Mary Harney doesn’t understand market economics
Determination last week on the part of health minister Mary Harney that the new national children’s hospital be under the direction of a Roman Catholic religious order places a serious question mark over Ireland’s claim to be a pluralist society and threatens the the viability of the children’s hospital at Tallaght– the only general hospital in the state under Protestant management. If the children’s hospital is lost, the whole Tallaght hospital complex faces the prospect of being down-graded to a district hospital.
To an outsider, the concerns can seem a matter of church politics, but to people seeking treatment the differences in the religious ethos of the hospitals can be vital. The ethos at Tallaght is that best medical practice should prevail and that nothing should interfere in the doctor-patient relationship. The Roman Catholic hospitals have ethics committees which oversee the work of the hospital and which seek to ensure the implementation of Roman Catholic teaching in clinical decisions. There are whole areas of medical practice, particularly in human fertility and reproduction and in medical research where there are fundamental differences about what is permissible.

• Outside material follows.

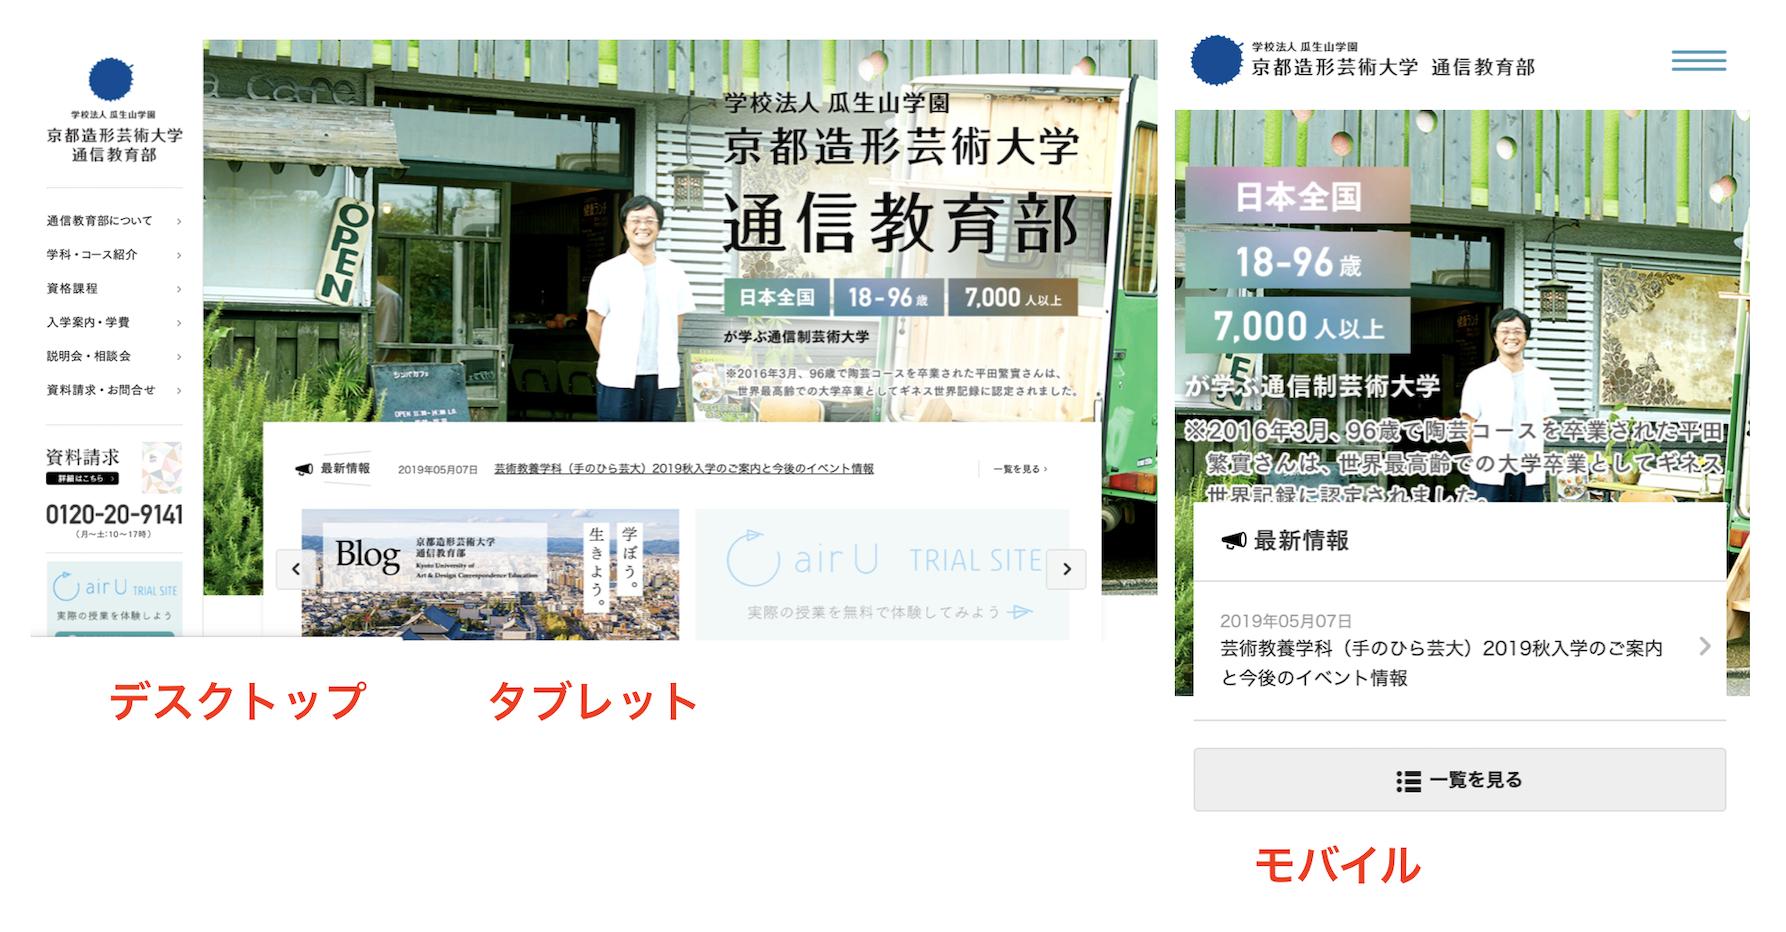 京都造形芸術大学通信教育部_レスポンシブWebデザイン

The loss of Tallaght would leave the bulk of Irish clinical practice subject to the ethics committees, but, as in so much of life, economics has the last say. Even when various procedures were illegal in these islands, there were always people with money who could buy whatever they sought. The legalisation of abortion in England made the termination of pregnancy an option for those who could afford to make the journey; it has become an option exercised by some 6,000 Irish women every year. The existence of ethics committees doesn’t prevent abortion; it simply introduces a price for it.
The situation that applies with regard to abortion would arise in relation to a whole range of other practices if Tallaght hospital lost its ability to provide the full range of clinical care. It wouldn’t mean that practices opposed by ethics committees came to an end, it would simply mean that they would come with a price; the affluent middle classes would be able to choose the British option; the people who would be denied choice would be the working classes and the poor.
I can see an economist I know with the hint of a smile on his face. “You can’t beat the market”, he once told me.
Medical practices considered legitimate by most people may become available only to those with money, but, as has been the case for generations, where there is demand and the cash to pay the price, the services will be provided.